Causer pays, for example, is based on following a linear dispatch from one point in time to another, but “in the beginning, all the engineers who did all the assessment on the power system always understood that you cannot do that perfectly,” she said.
All generators would have been slightly off because they would have been doing frequency control, she said.
However, “As we’ve progressed into the land of less engineering and more lawyering, you wind up with people reading the rules in a black-and-white manner, and not understanding there is a conflict between frequency control and energy dispatch.”
Summers claims this has led to synchronous plant owners opting to ignore frequency control and follow dispatch targets only. Matters are not being helped by the fact that recent years have seen the grid’s inertia being reduced as thermal plants are replaced by renewables.

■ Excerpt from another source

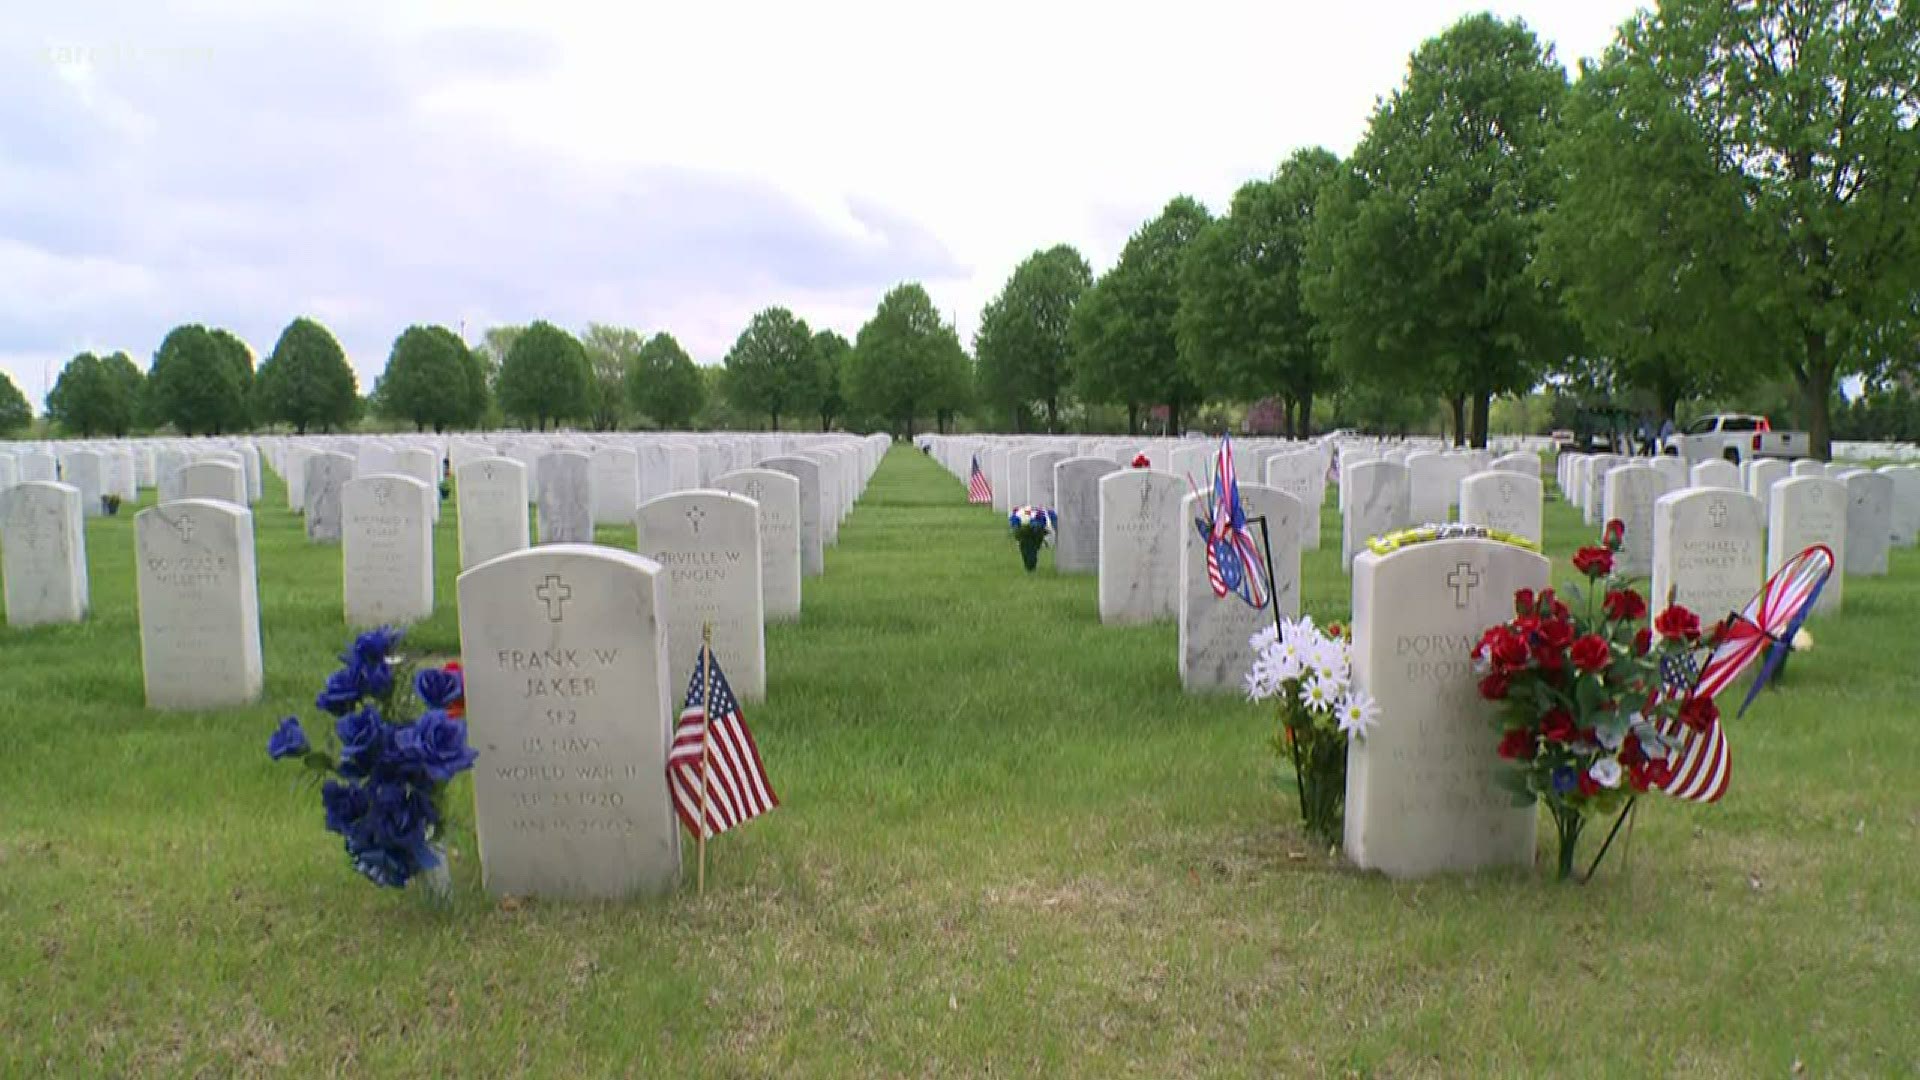 This Memorial Day will look different than years past as many ceremonies and programs will be held online due to the pandemic.

In many ways, the FCAS rules are the opposite of what a grid planner would want under a transition to renewables. Even the gas turbines now being installed in South Australia are no longer able to ride through high rates of change of frequency, said Summers.
Australian energy market sources say the country’s National Energy Market (NEM) now has practically no primary frequency response, leading to load shedding and system oscillations as power stations hunt each other and try to restore stability.
And there is concern that things could get worse, as was illustrated on Feb. 10, when the heat of Australia’s summer caused power consumption to peak in New South Wales.
At around 5 p.m., a 408-megawatt gas turbine failed in Tallawarra and cut the grid frequency to less than 49.85 hertz. For the next 7 minutes, the frequency oscillated madly as synchronous units on the grid tried to restore balance.
“In the fleet of synchronous units, some will be trying to dampen this and some will be getting excited by this mode,” wrote Summers in a submission to an inquiry into the licensing arrangements for generators by the Essential Services Commission of South Australia. “Just as the Tacoma bridge was destroyed by being excited by a natural frequency, so too the synchronous units can be damaged if this hunting behavior is allowed to persist.”
Overall, Summers told GTM: “It’s a recipe for disaster, which is why I’m raising the red flag.”
Fortunately, it seems the message is getting through to the Australian Energy Market Commission (AEMC), which, along with the Australian Energy Regulator, was set up in 2005 to replace NECA.
In March, the AEMC initiated a review of the frequency operating standard.
“This review will investigate the appropriateness of the settings in the standard, in light of the increasing proportion of non-synchronous generation in the NEM,” said Bronwyn Rosser, a communications specialist at the commission. “The AEMC is examining a range of mechanisms to provide the additional services required to manage changes in power system frequency caused by increasing non-synchronous generation.”
As part of the review, she said, AEMC is mulling the role of deadbands and automatic governor response in managing frequency in the NEM.
“The potential implications of the various mechanisms need to be carefully evaluated, in particular the consequences for existing FCAS markets,” Rosser told GTM.
The commission is also considering rule changes relevant to system security, including requests relating to the rate of change of frequency and system strength.
Grid stability isn't the only reason to act quickly. There's also a financial incentive. The cost of frequency regulation in Australia rose from AUD $5 million (USD $3.7 million) in 2014 to AUD $65 million (USD $48.7 million) in 2016.
At the same time, the share of non-synchronous renewable energy on the grid is growing daily. On April 25, South Australia logged an all-time daily record for wind output of more than 1.5 gigawatts.
Being able to accept such levels of production requires a stable grid. And that's something that Australia can't guarantee, according to experts.